After that's done, we just need to fix some things. First, we need to fix exact lookup if the RHS is None, which means that the path exists but the value is JSON null. Both JSON_QUERY and JSON_VALUE returns SQL NULL if the value at the path is JSON null. Which is also the case if the path doesn't exist. So, what do we do?

Thankfully, JSON_EXISTS exists (heh) on Oracle. Therefore, we can define the WHERE clause as something like:

JSON_EXISTS(...) AND COALESCE(JSON_QUERY(...), JSON_VALUE(...)) IS NULL

Which basically reads, "the path exists, but the value is null", and that's exactly what we want.

Next, we need to fix isnull lookup. If the RHS is False, there's no problem as we can just use JSON_EXISTS. However, if the RHS is True, NOT JSON_EXISTS only returns true if the JSON path doesn't exist and the data is not empty. We need to fix the condition so it also returns true when the data is empty. So, we need to append the condition with OR JSON_QUERY(column_name, '$') IS NULL.

Finally, we need to fix numeric lookups. It's simple as we just need to wrap the LHS with TO_NUMBER to cast it into a, well... number.

SQLite

I have to hand it to SQLite: the JSON1 extension works so much better than I expected.

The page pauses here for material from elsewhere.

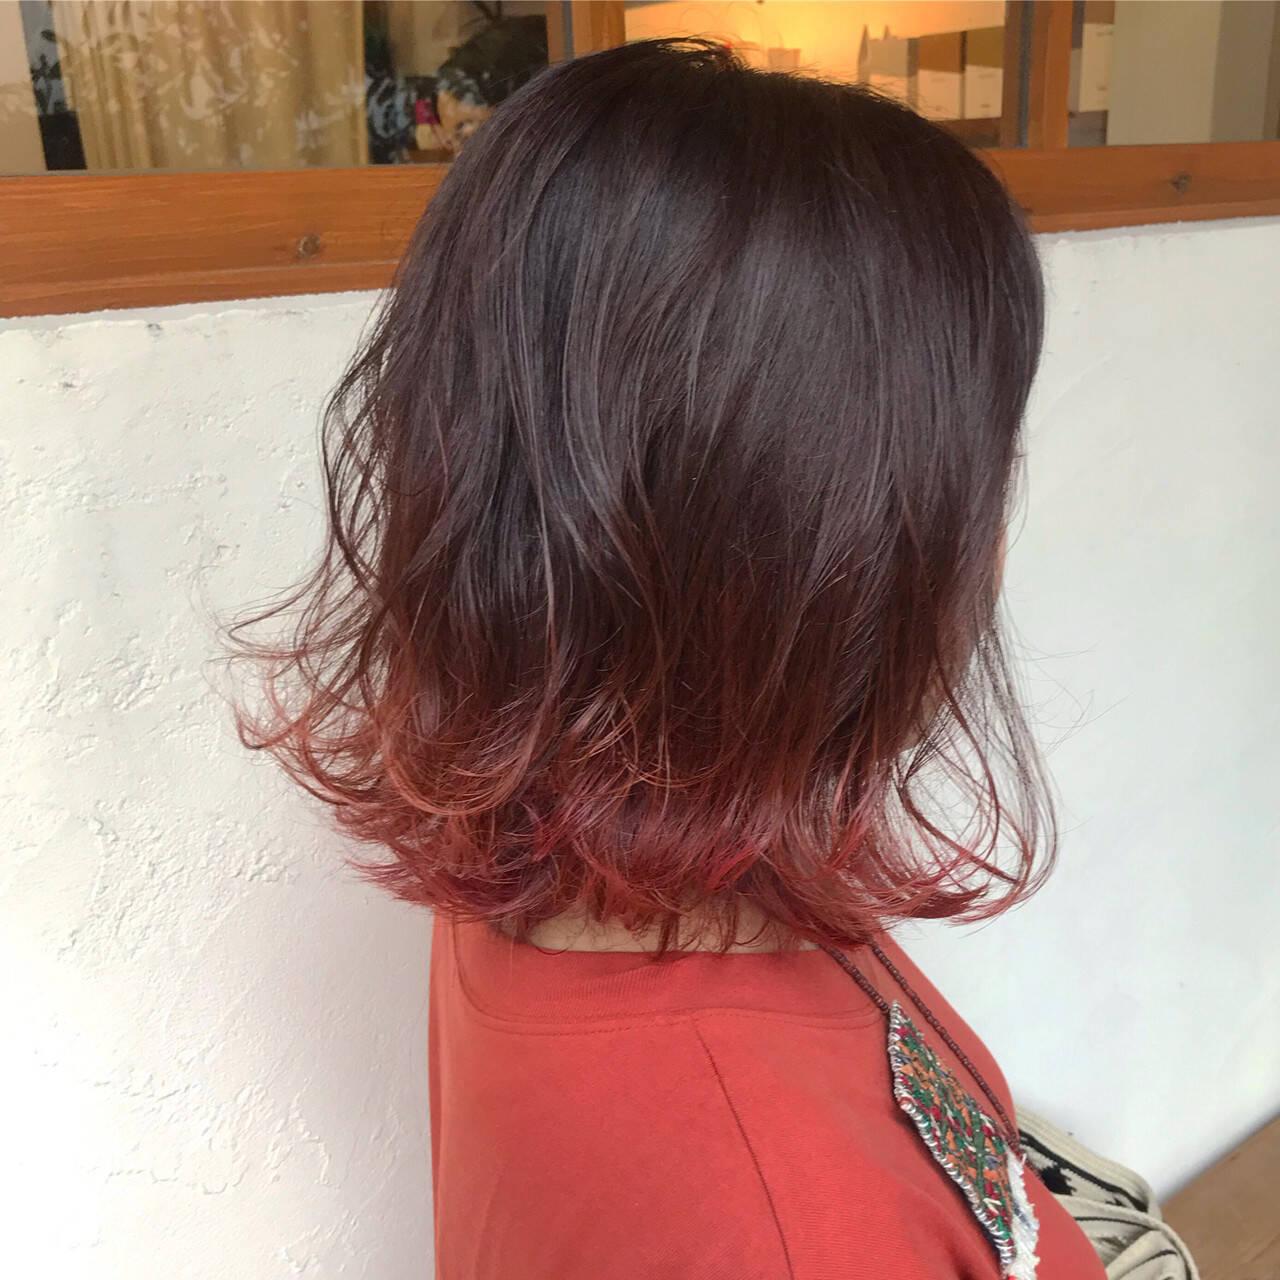 ピンク ストリート ボブ 赤髪ヘアスタイルや髪型の写真・画像

As in MySQL, there's also a JSON_EXTRACT on SQLite. However, it automatically unquotes JSON strings. Also, we don't need to wrap the RHS with a JSON function whatsoever. It just works.

So, the data__owner__other_pets__0__name='Fishy' lookup translates into:

SELECT * FROM myapp_dog WHERE JSON_EXTRACT(data, '$.owner.other_pets[0].name') = 'Fishy'

We just need to fix exact lookup if the RHS is None and isnull lookup so that it uses the JSON_TYPE function to determine JSON null value and missing keys, which I have explained a few times before. Other than that, we're good to go!

And, that's it! We have (pretty much) completed all the lookups and transforms for JSONField. In the next few posts, I'll probably explain how I found a vulnerability in contrib.postgres.fields.JSONField and do some recaps to wrap everything up. Until then, see you!